The table below is intended as a guide only. Official policies of the two main mortgage insurers and various lenders may differ from what is outlined below. Lenders mortgage insurance is applicable for all loans with an LVR of more than 80%. If a borrower has two or more properties the maximum loan amounts allowed would be more than outlined below in some cases.
Loan to value ratio (LVR) | Guide to maximum loan amount | Comments |
95% | $750,000 |
|
90% | $1,000,000 |
|
85% | $1,000,000 |
|
80% | $1,600,000 (without mortgage insurance) |
|
70% | $5,000,000 |
|
The table below is intended as a guide only. Official policies of the two main mortgage insurers and various mainstream lenders may differ from what is outlined below. Mainstream lenders still accept some low doc borrowers but their willingness to lend for these types of loans has been severely curtailed since the GFC.

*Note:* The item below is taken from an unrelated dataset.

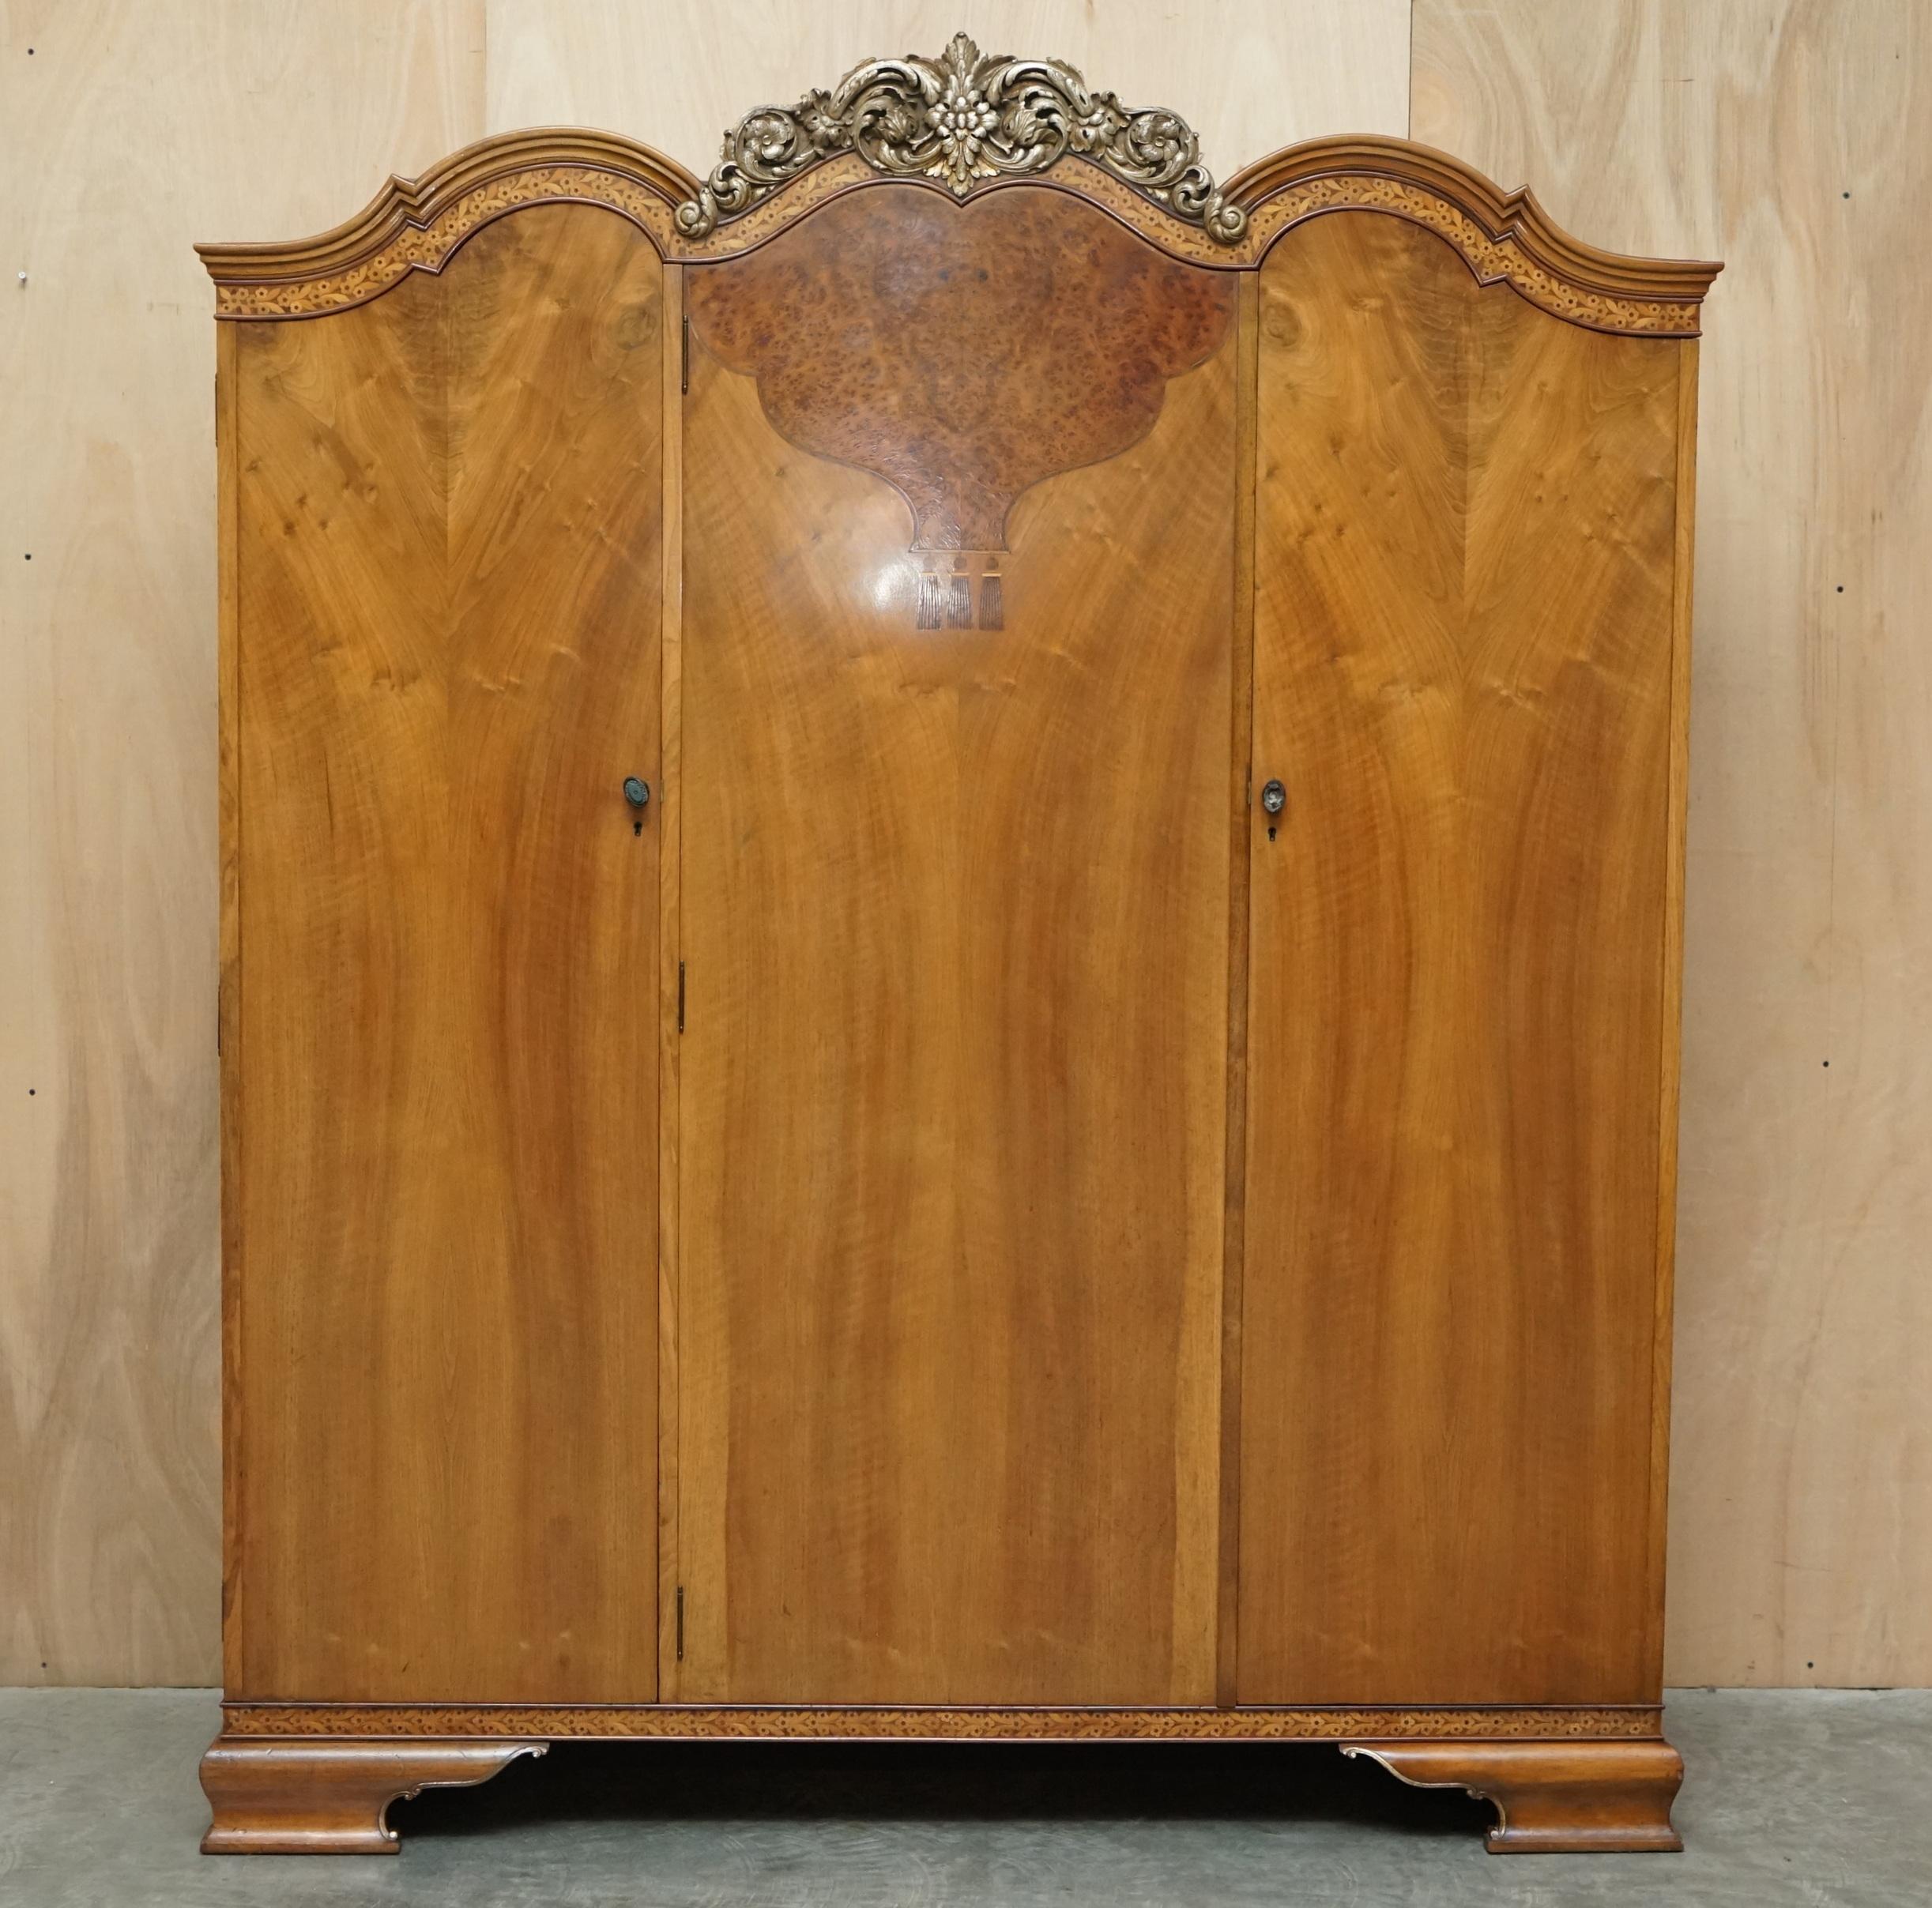 We are delighted to offer for sale this finest quality Waring & Gillow Lancaster, burr walnut inlaid wardrobe which is part of a suite.

This piece is part of a bedroom set, I have in total a triple bank wardrobe, dressing table with trifold

Loan to value ratio (LVR) | Guide to maximum loan amount | Comments |
80% | $1,000,000 (mortgage insurance applicable for loans over 60% LVR) |
|
60% | Unlimited |
|
The table below is a guide only and is subject to change at any time. Rates and fees available depend a lot on the availability of funding at any given time. The main advantage of these types of loans is the option to avoid the often stringent mortgage insurers’ policies.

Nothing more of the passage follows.